Migrasi Magma Makin Dekati Puncak Gunung Merapi
Berita Baru, Jakarta – Balai Penyelidikan dan Pengembangan Teknologi Kebencanaan Geologi (BPPTKG) Yogyakarta melaporkan terjadi pemendekan deformasi atau perubahan bentuk yang terjadi pada Gunung Merapi saat ini terus berlanjut cukup signifikan.
Hal itu diketahui berdasarkan data Electronic Distance Measurements (EDM), khususnya sejak status Merapi naik dari waspada menjadi siaga per 5 November 2020 lalu.
“Terjadi pemendekan baseline (kurva data) EDM di Gunung Merapi secara kontinyu,” ujar Penyelidik Bumi BPPTKG Yogyakarta Nurnaning Aisyiah dalam keterangan resminya, Rabu (2/12.
BPPTKG menilai pemendekan jarak EDM ini menjadi informasi yang sangat penting bersama data lain, seperti seismisitas dan kandungan gas yang dipakai untuk mengetahui aktivitas vulkanik di Merapi terkini.
Nurnaning menjelaskan dari pengukuran yang dilakukan BPPTKG saat ini, salah satunya melalui pemantauan dari Pos Babadan, pos yang ada di sisi barat daya Merapi, sejak bulan Juni lalu sudah mulai terjadi aktivitas pemendekan baseline EDM itu. Bahkan saat memasuki bulan Oktober, mulai tertangkap terjadinya percepatan pemendekan baseline EDM itu hingga sebesar 4.65 m.
“Sejak Oktober itu percepatan pemendekan baseline EDM Merapi itu mulai terjadi dan konstan lajunya (sekitar 4.65 m) hingga saat ini,” ujar Nurnaning.
Nurnaning menyebutkan adanya percepatan pemendekan jarak EDM yang terpantau dari Pos Babadan tersebut menjadi indikasi adanya migrasi magma Merapi dari sumber relatif lebih dalam yang sedang menuju permukaan.
Untuk mengetahui asal sumber tekanan magma itu berada dan arah keluarnya, BPPTKG melakukan pemodelan yang mendasarkan pada besaran percepatan pemendekan EDM yang dibagi per periode waktunya.
Dari pembagian menjadi enam periode itu, diketahui dari periode I-III (Juni-Oktober) lokasi sumber tekanan masih dari 5,9 kilometer di bawah puncak Merapi. Namun, pada periode IV-VI (Oktober-November) sumber tekanan yang diduga dari pergerakan magma itu sudah bergeser cepat hingga hanya 1,3 kilometer di bawah puncak gunung.
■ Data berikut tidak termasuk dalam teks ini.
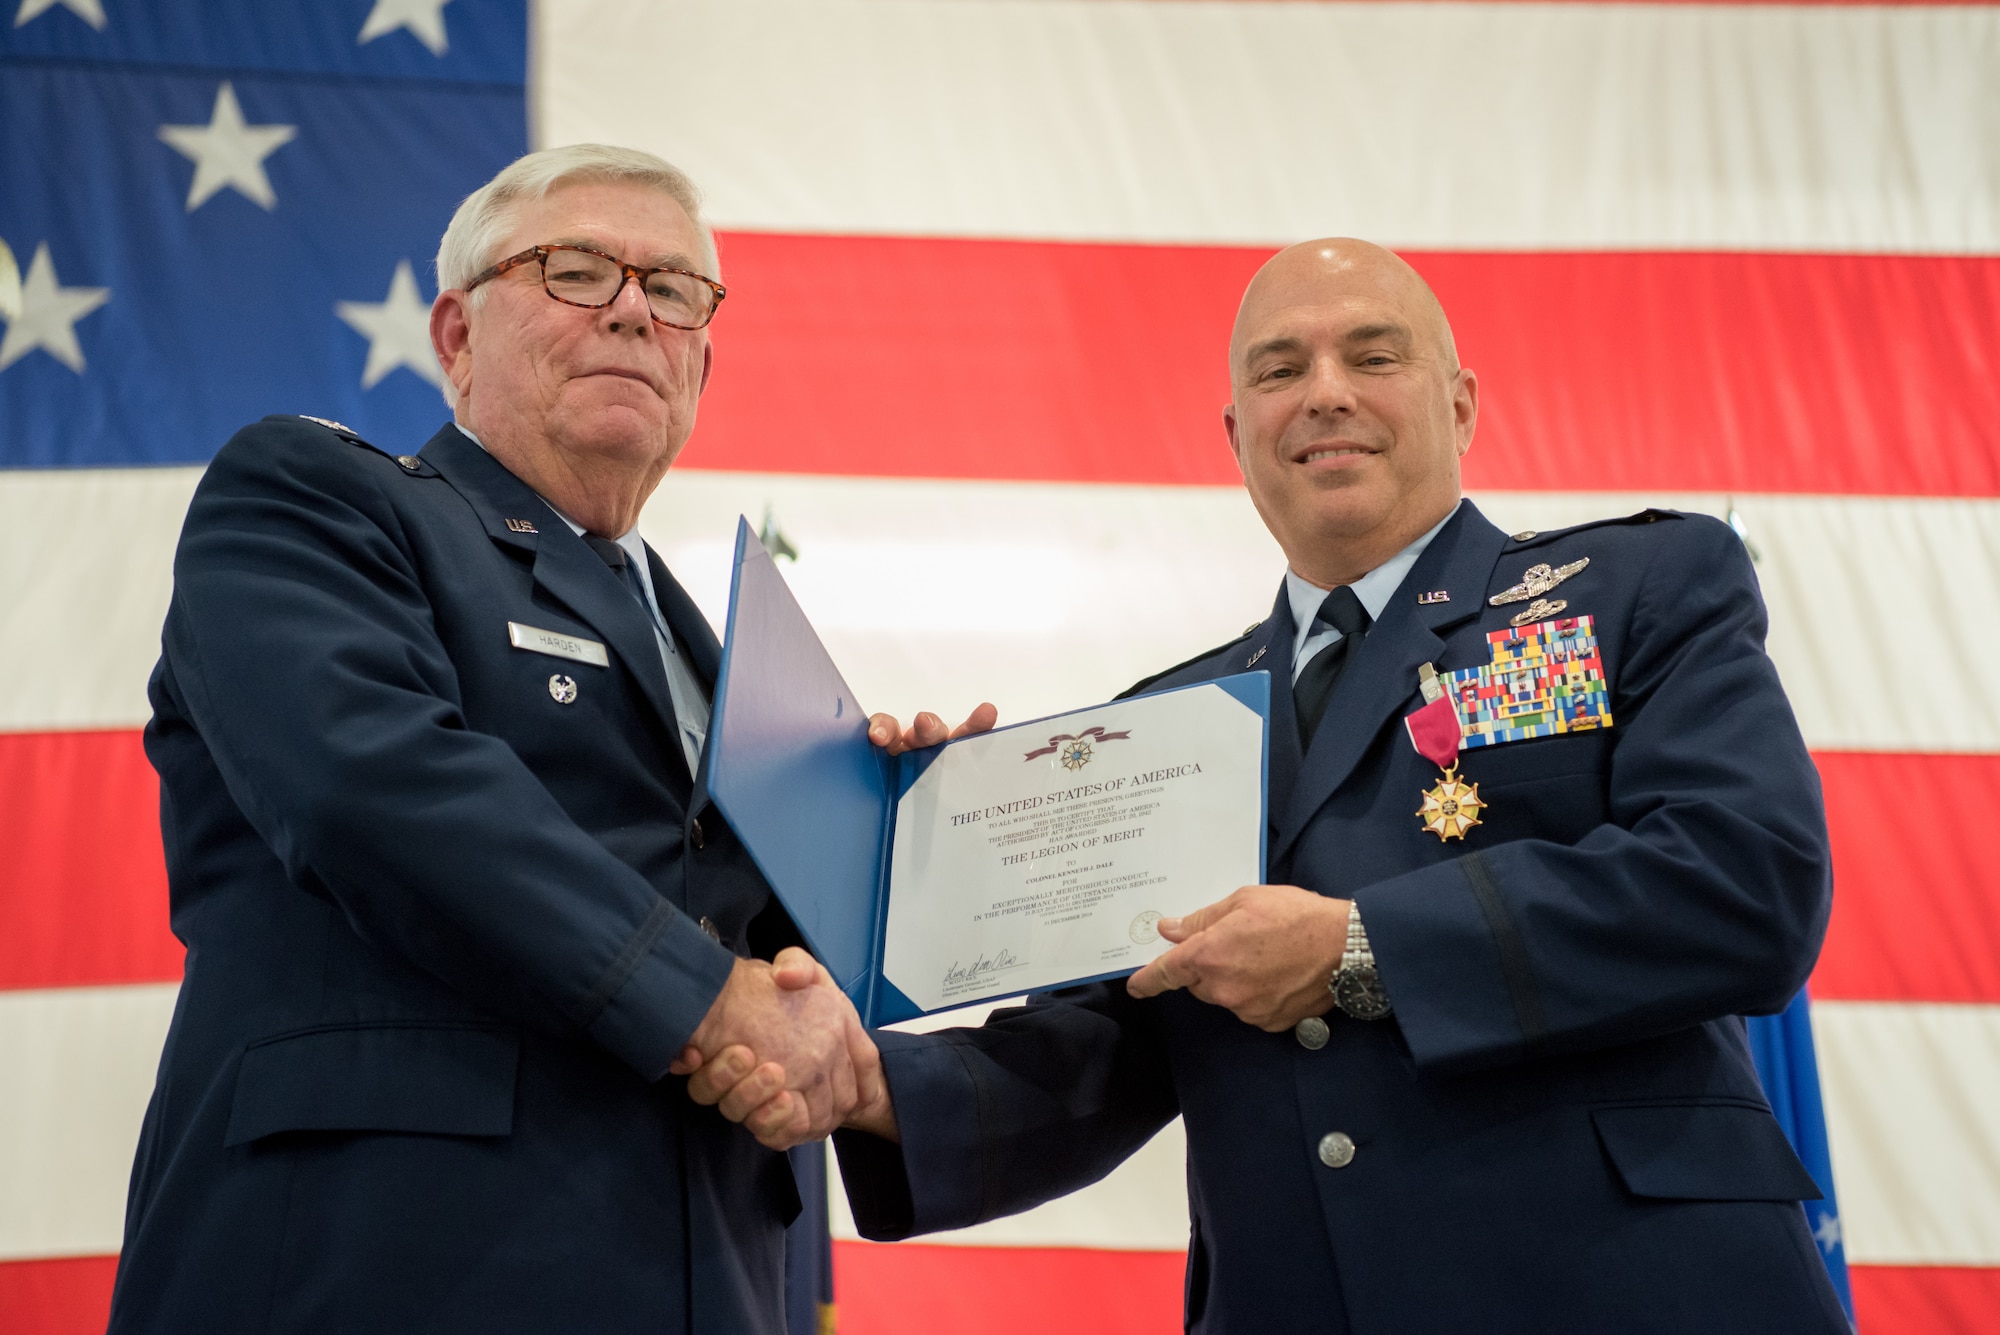 Col. Ken Dale (right), outgoing commander of the 123rd Maintenance Group, receives the Legion of Merit from retired Col. Michael Harden, former commander of the 123rd Airlift Wing, during Dale’s retirement ceremony at the Kentucky Air National Guard Base in Louisville, Ky., on Dec. 1, 2018. Dale is retiring after more than 38 years of service to the Kentucky Air National Guard. (U.S. Air National Guard photo by Staff Sgt. Joshua Horton)

“Jadi benar dugaan kami telah terjadi migrasi magma, yang semula (Juni-Oktober) masih berjarak 5,9 km dari puncak, namun November ini jadi lebih dangkal,” ujarnya.
Tak hanya dari Pos Pantau Babadan saja, BPPTKG pun mengumpulkan data dari pos pantau sisi lainnya dari Merapi. Misalnya, hasil pemantauan dari Pos Jrakah yang ada di sisi utara Gunung Merapi, juga terpantau pemendekan baseline EDM. Namun, laju pemendekannya tak seintens yang terpantau dari Pos Babadan atau hanya sekitar 0.08 m.
Lalu dari pemantauan dari Pos Selo atau timur laut Gunung Merapi, pemendekan baseline EDM lebih kecil skalanya dibanding Pos Babadan dan Jrakah yakni sebesar 0.25 m.
Pemendekan baseline EDM paling kecil terpantau dari pos Mriyan, yakni sebesar 0.06 m. “Dari pemendekan baseline dari tiap pos itu diketahui bahwa di Merapi saat ini sudah terjadi inflasi, sumber tekanan yang memicu pemendekan jarak tunjam (EDM),” jelasnya.
Nurnaning menuturkan dalam pemantauan aktivitas vulkanik Gunung Merapi digunakan berbagai macam metode dan peralatan. Tak hanya dari EDM yang dipakai sebagai metode pemantauan deformasi untuk mengetahui perubahan bentuk tubuh gunung api akibat aktivitas magma, tapi juga menggunakan tiltmeter dan GPS (Global Positioning System).